**TASK OBJECTIVE:** Give the listing again character for character, but drop the images.

**PROVIDED MATERIAL:**
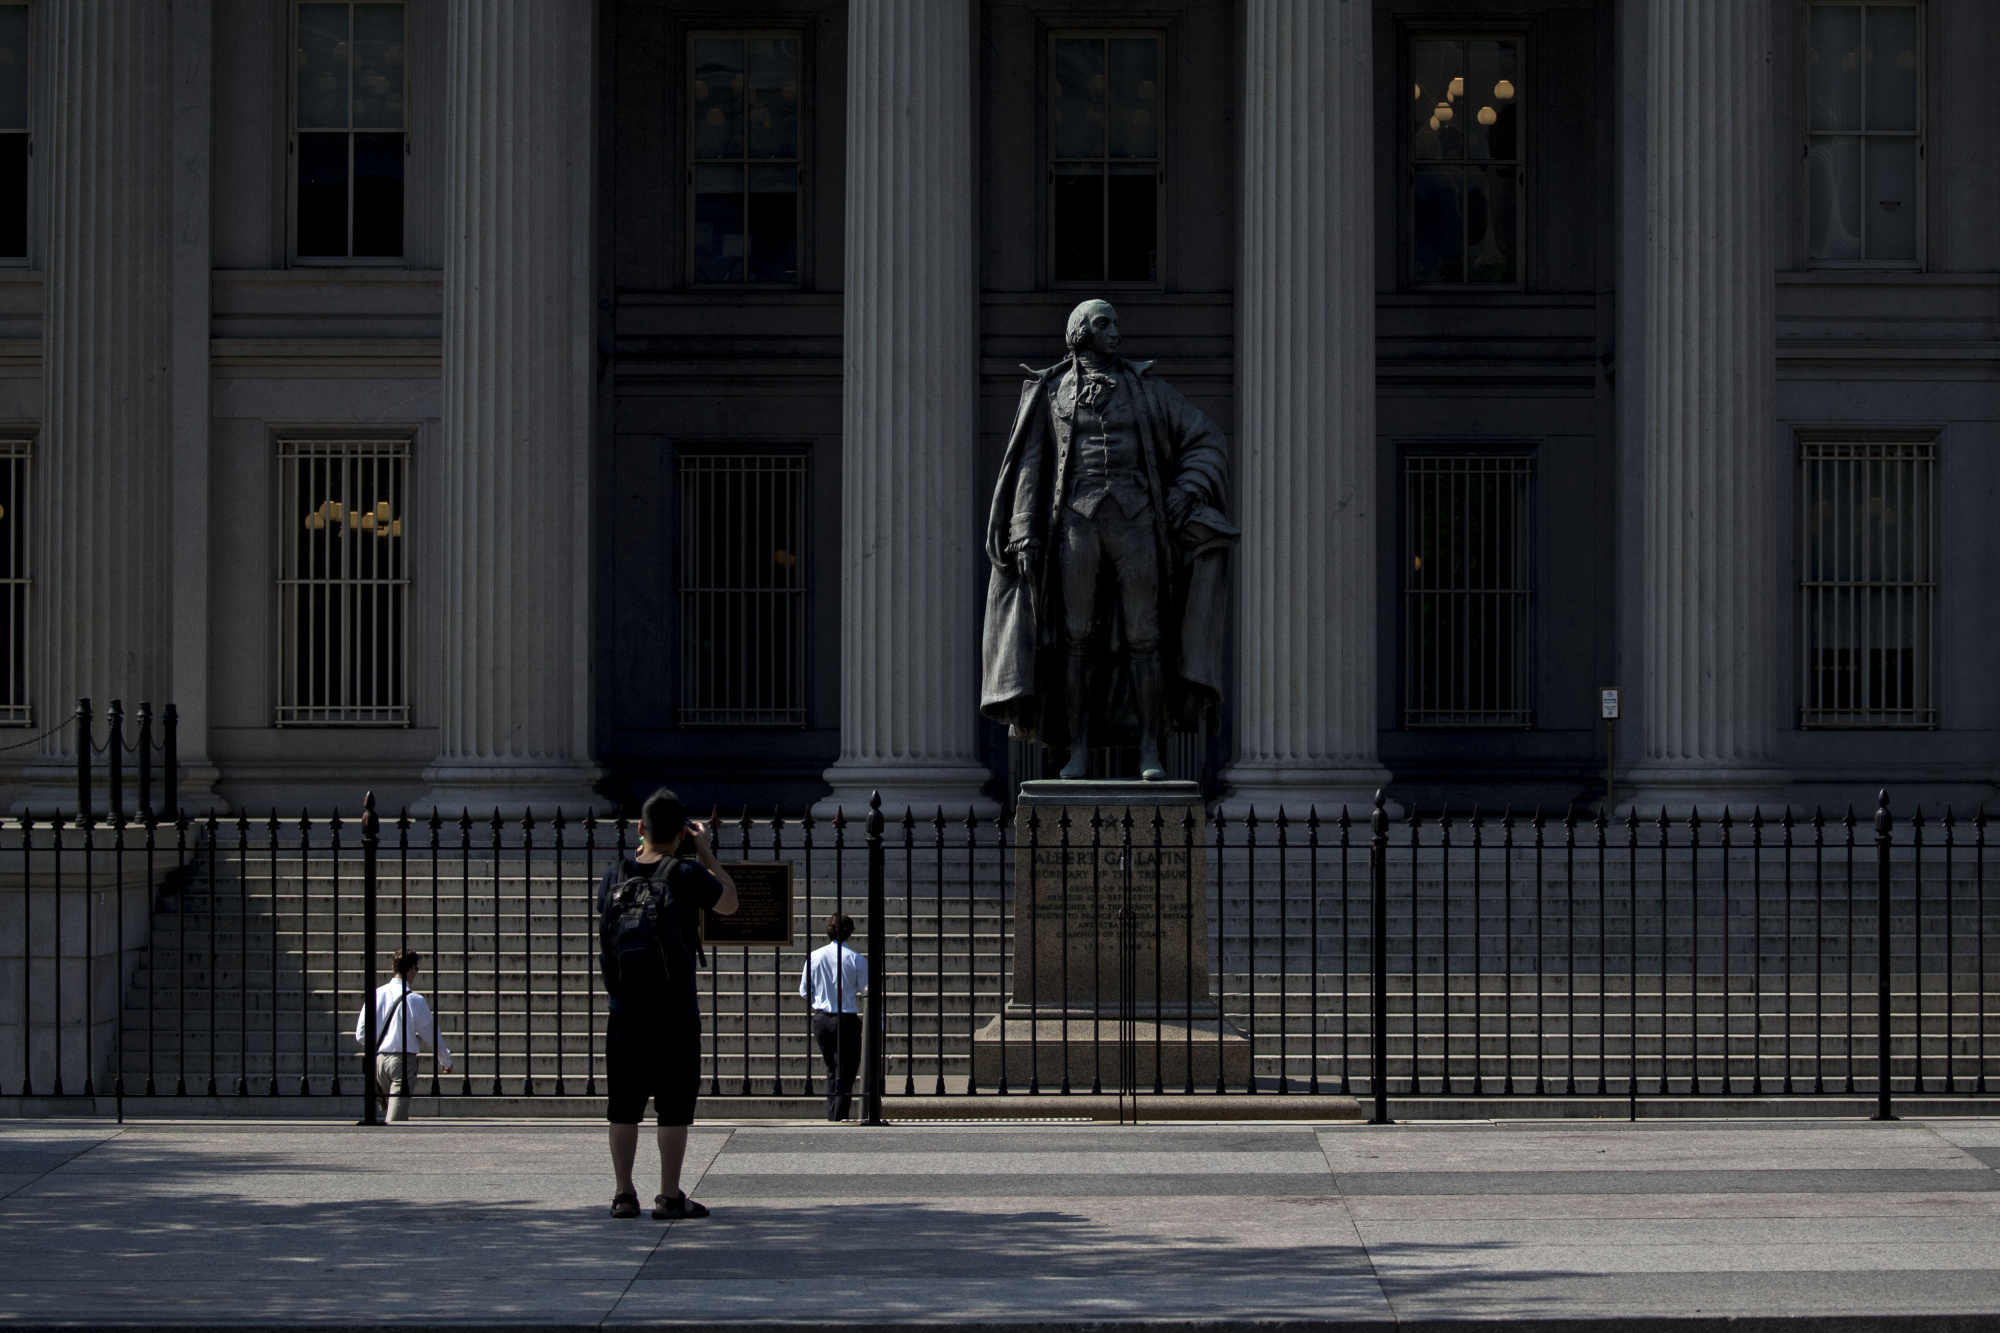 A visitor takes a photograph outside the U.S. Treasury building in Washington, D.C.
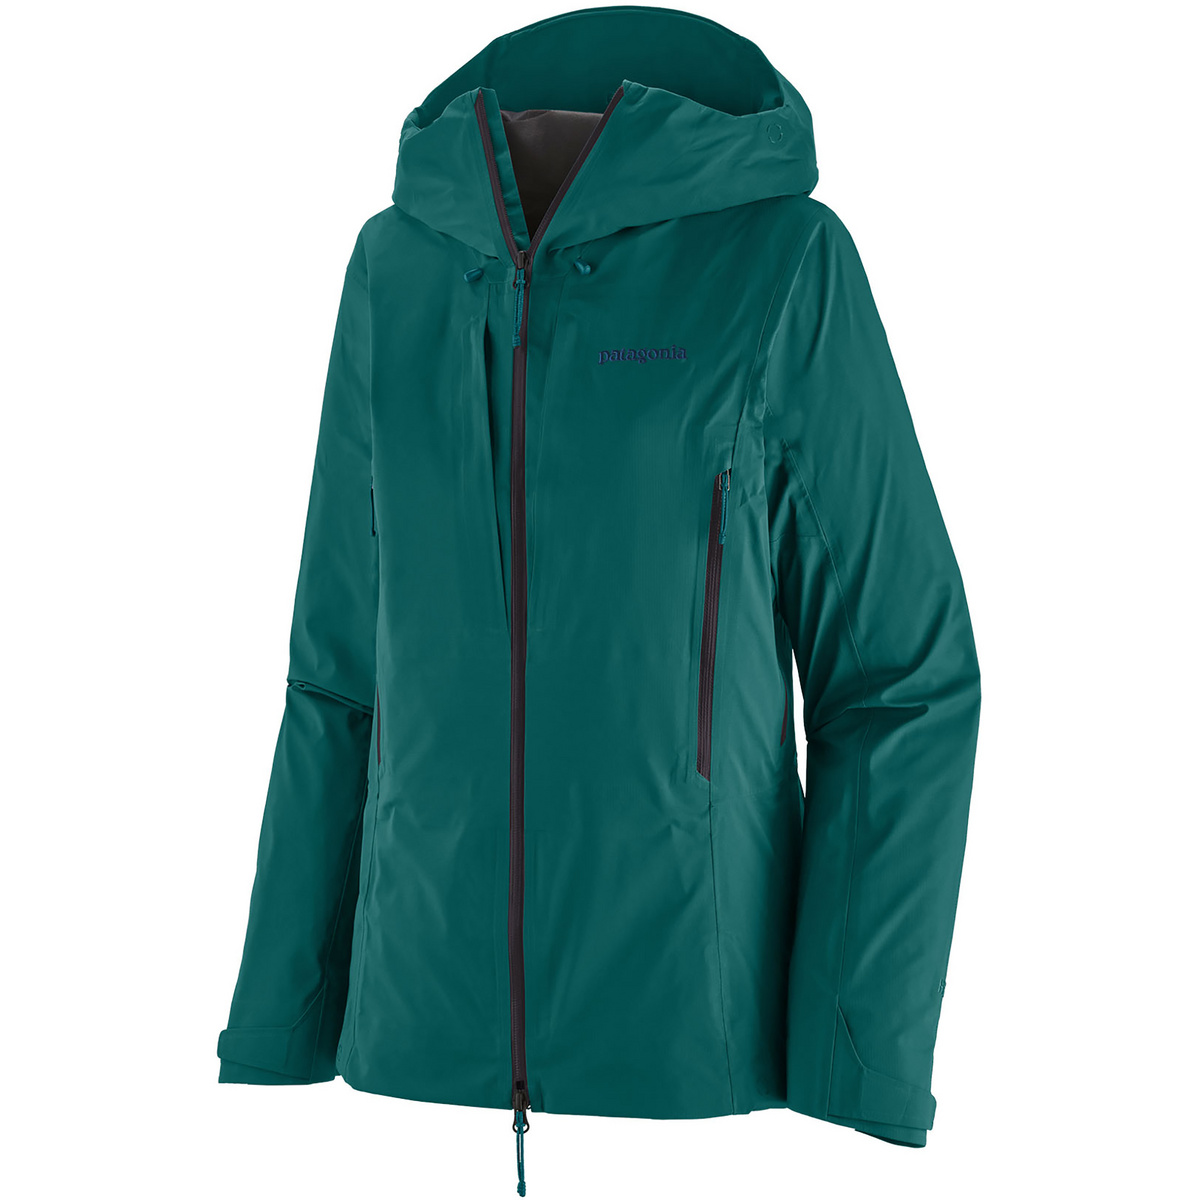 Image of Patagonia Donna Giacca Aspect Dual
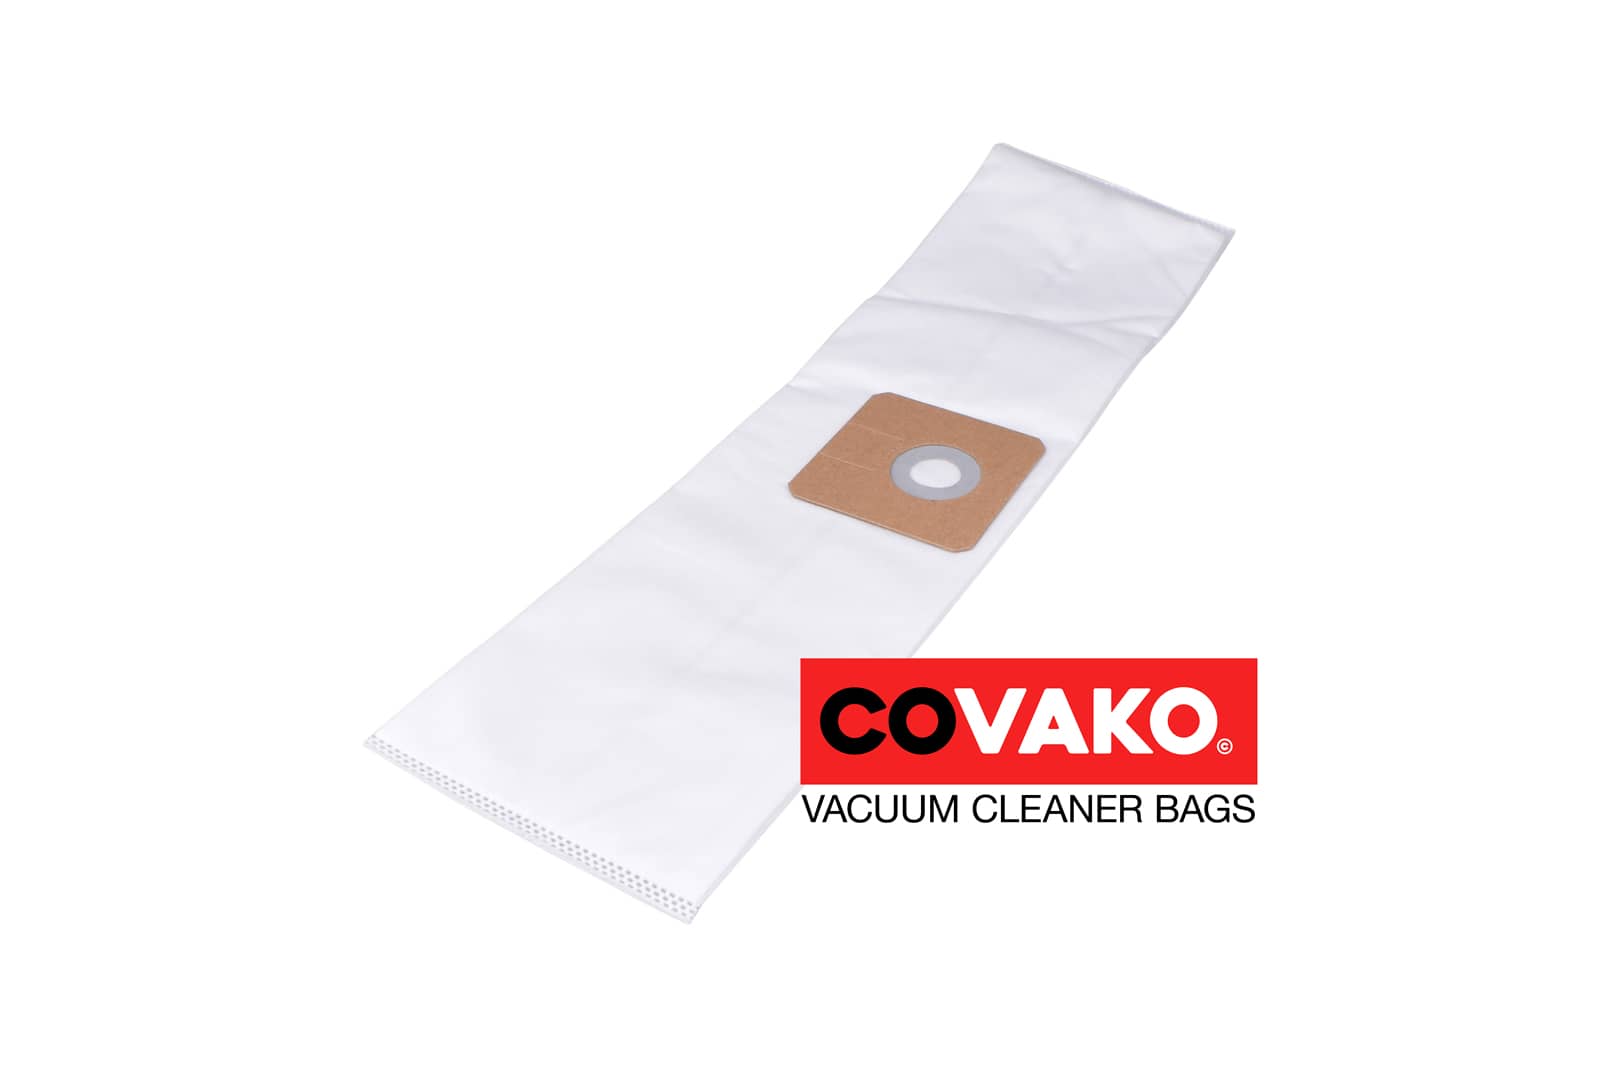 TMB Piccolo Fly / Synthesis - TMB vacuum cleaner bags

**ANSWER:**
 A visitor takes a photograph outside the U.S. Treasury building in Washington, D.C.
 Image of Patagonia Donna Giacca Aspect Dual
 TMB Piccolo Fly / Synthesis - TMB vacuum cleaner bags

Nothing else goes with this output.